По моему личному наблюдению (есть и единомышленники), музыка Малера обладает каким-то скрытым вампиризмом. За один час 20 минут звучания прощального опуса я устала так, как будто перепахала поле и сама готова была распрощаться со всеми надеждами. Если герою рассказа Чехова казалось во время игры на пианино, что камни катятся с горы, то мне казалось, что я блуждаю по воспаленному мозгу. Оркестр, который ещё и репетировал, вероятно, пребывал в ещё большем изнеможении. Отдельный респект дирижеру, выдержавшему и донесшему до зала масштабы грандиозного малеровского творения.
После симфонии у меня не осталось даже сил подойти пожать руку Александру Разумову, хотя изначально планировала. Больно было даже разговаривать, хотелось просто лечь и не двигаться.
Зато в антракте удалось пообщаться с Михаилом Гантваргом. Солирующий скрипач, ректор и профессор Санкт-Петербургской государственной консерватории имени Римского-Корсакова, создатель и художественный руководитель камерного ансамбля «Солисты Санкт-Петербурга» — «и всё в одном флаконе», как пошутил Гантварг. Несмотря на атакующие толпы поклонниц с поздравлениями и фотокамерами, для «Общественной электронной газеты» маэстро нашел немного времени.
— Михаил Ханонович, вы в нашем городе не впервые…
— Действительно, я уже выступал здесь и еще меня как-то приглашали в жюри Открытого конкурса музыкантов-исполнителей имени Наримана Сабитова. Мы были с Александром Чайковским, представляли санкт-петербургскую консерваторию, он тогда был ректором и меня попросил вместе с ним приехать. А потом я приезжал играть с вашим главным дирижером. Сейчас я в Уфе уже в третий раз.
— Нам очень приятно было вновь послушать представителя питерской скрипичной школы в нашем городе. Обычно музыканты считают поколениями: ученик ученика такого-то. К кому восходят ваши творческие корни?
— Мои корни восходят к Ауэру.

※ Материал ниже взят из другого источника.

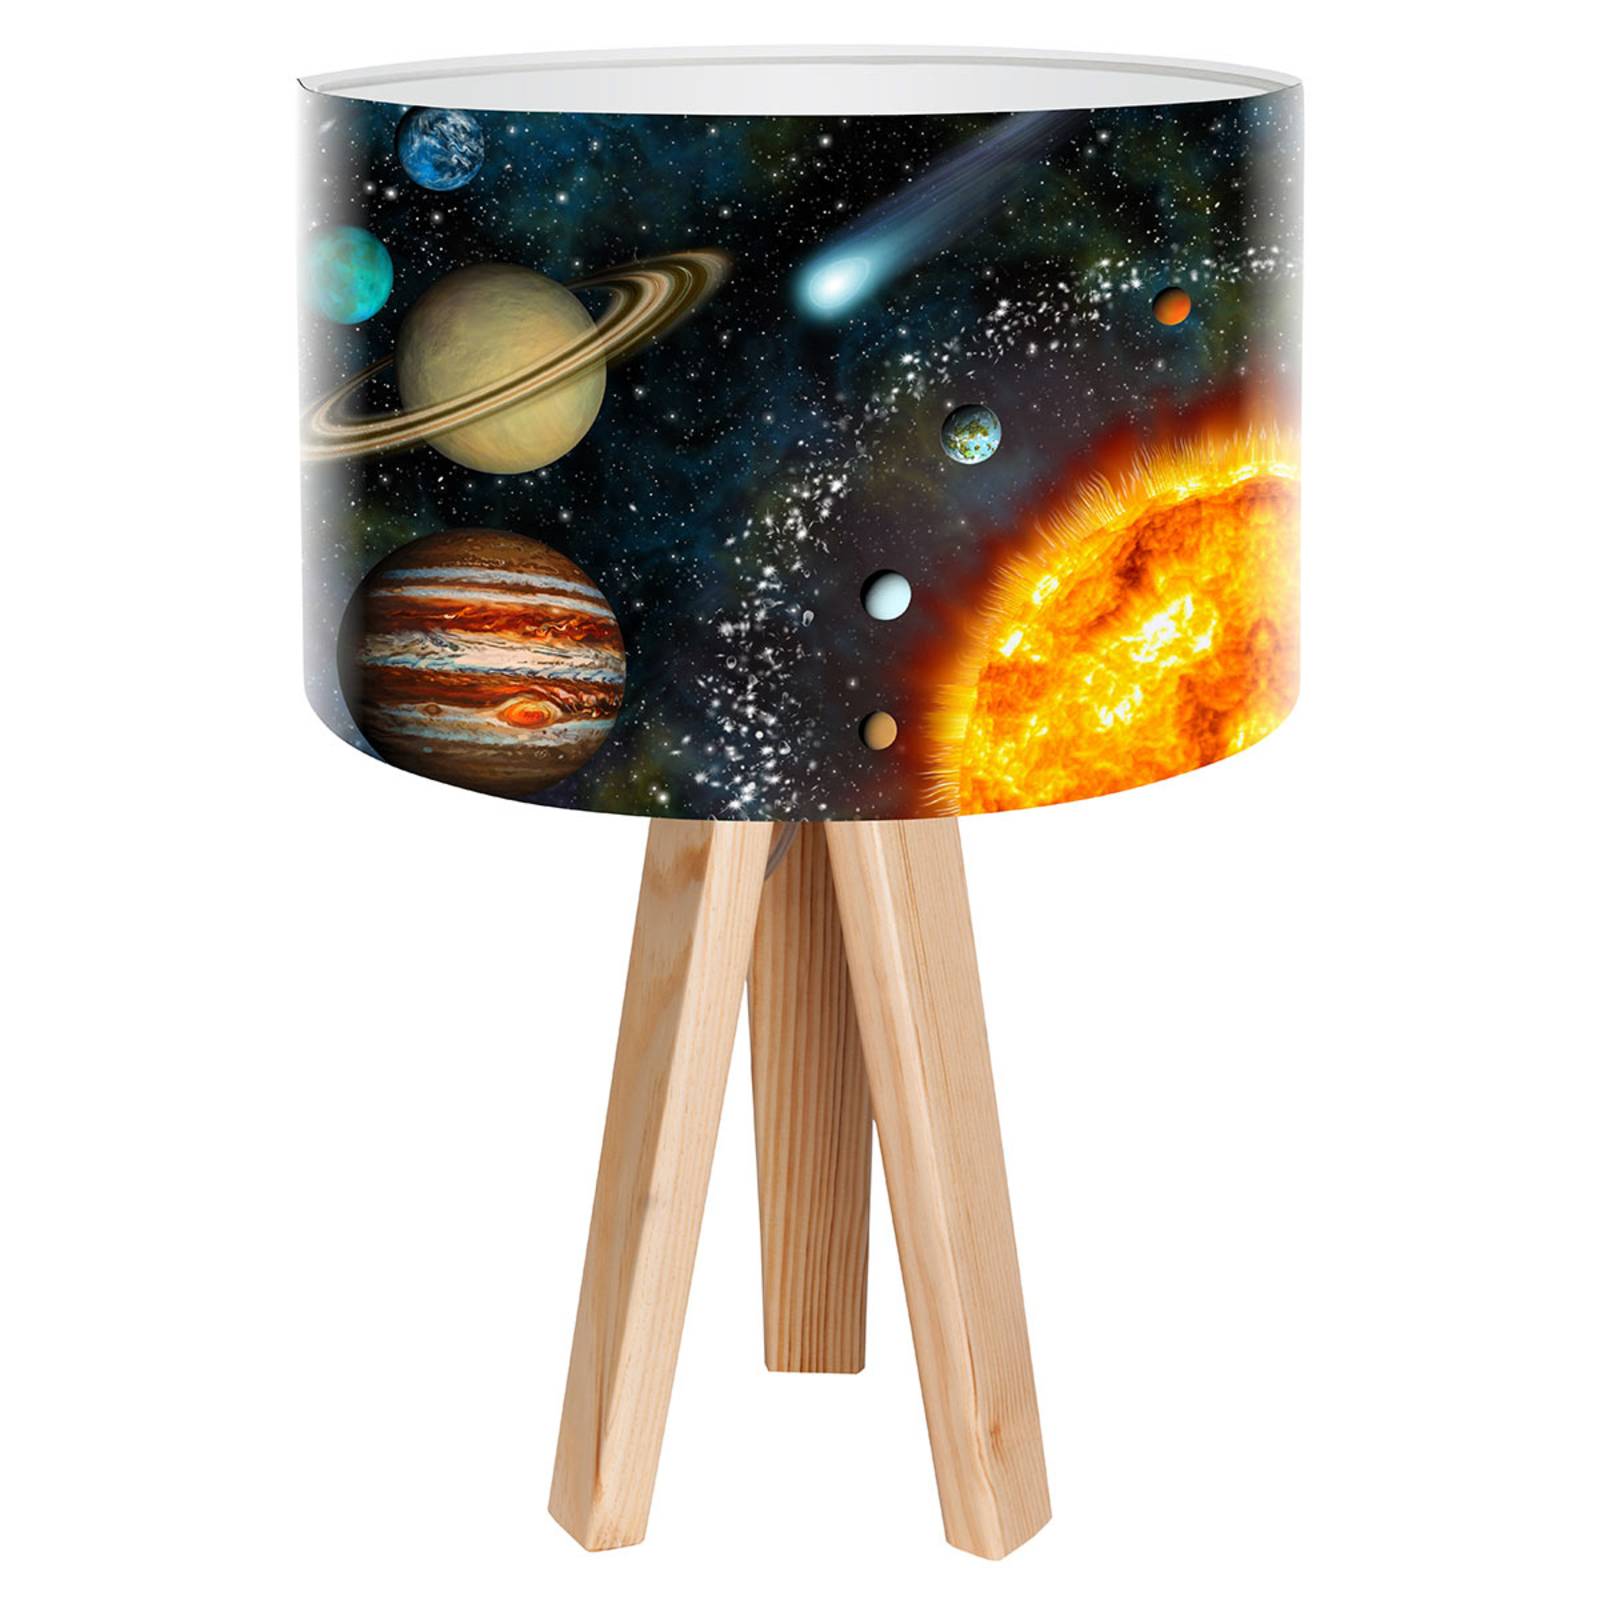 Space table lamp with a realistic space print | Lights.co.uk

Леопольд Ауэр учил всех наших великих скрипачей — Хейфеца, Полякина, Цимбалиста и других, я — ученик его ученика, а значит, я его внук.

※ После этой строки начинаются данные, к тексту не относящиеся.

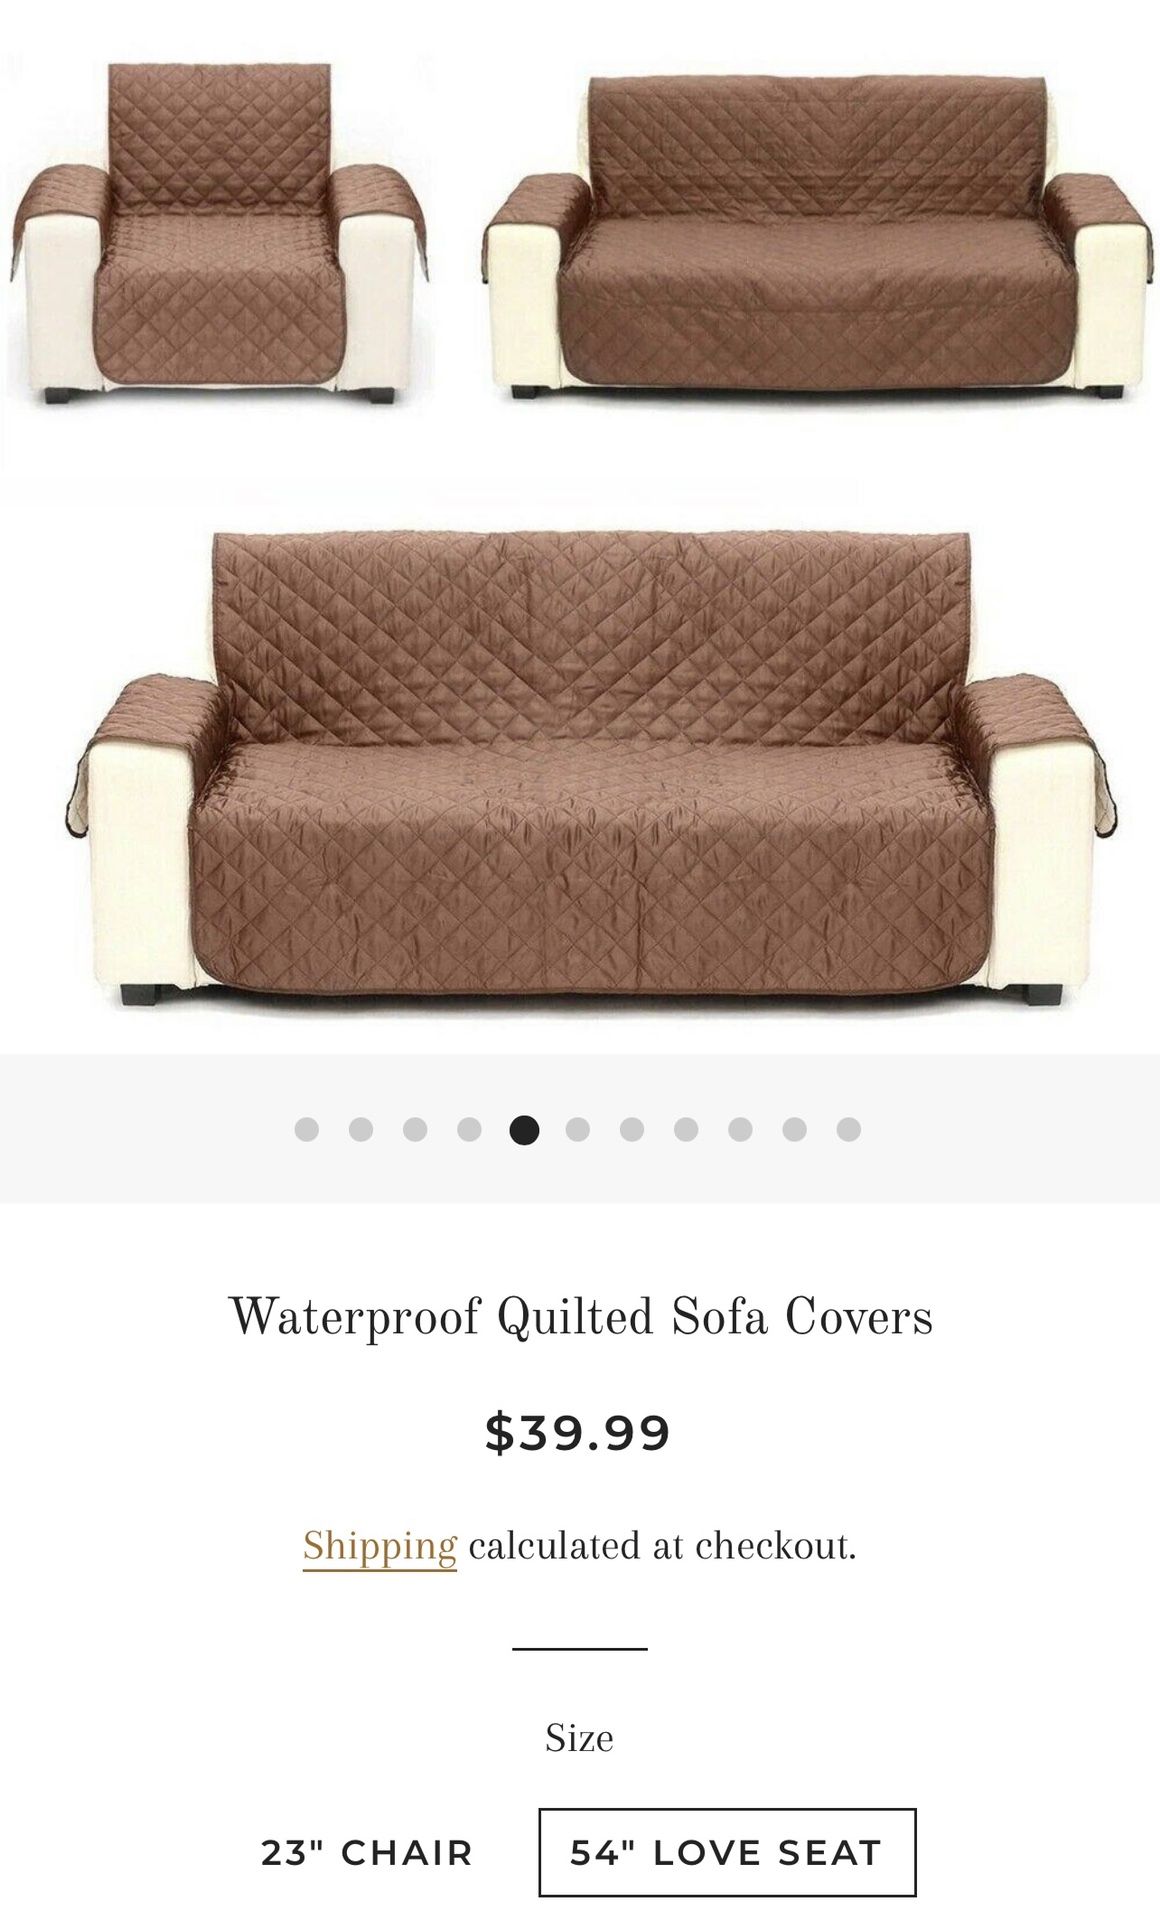 Waterproof Quilted Sofá Cover Loveseat 54”

— Ваш струнный ансамбль называют уникальным, в чем его уникальность?
— В том, что уже 25 лет прошло со дня основания, а задачи, которые мы поставили перед собой, — сохранение традиций санкт-петербургской школы ансамблевой игры и музицирования — остаются. И поскольку мы уже 25 лет существуем — значит, есть востребованность.
— Часто концертируете?
— Вот уже три года, как я ректор консерватории, естественно, приходится от чего-то отказываться, корректировать свои выступления. В основном, отказываюсь от своих личных выступлений. Это, конечно, не очень хорошо. Мои предшественники тоже так делали, например, композитор Александр Глазунов, став ректором, к огромному сожалению, перестал писать музыку.
— Зато знал всех студентов в лицо…
— Я тоже знаю всех студентов в лицо. Стараюсь, чтобы традиции, заложенные, в том числе, Глазуновым, и, конечно, основателем консерватории Антоном Рубинштейном 151 год назад, существовали, чтобы студенты хорошо учились, чувствовали себя комфортно. Чтобы профессорско-преподавательский состав с удовольствием приходил на работу, все было хорошо организованно, в классах было тепло, рояли были настроены...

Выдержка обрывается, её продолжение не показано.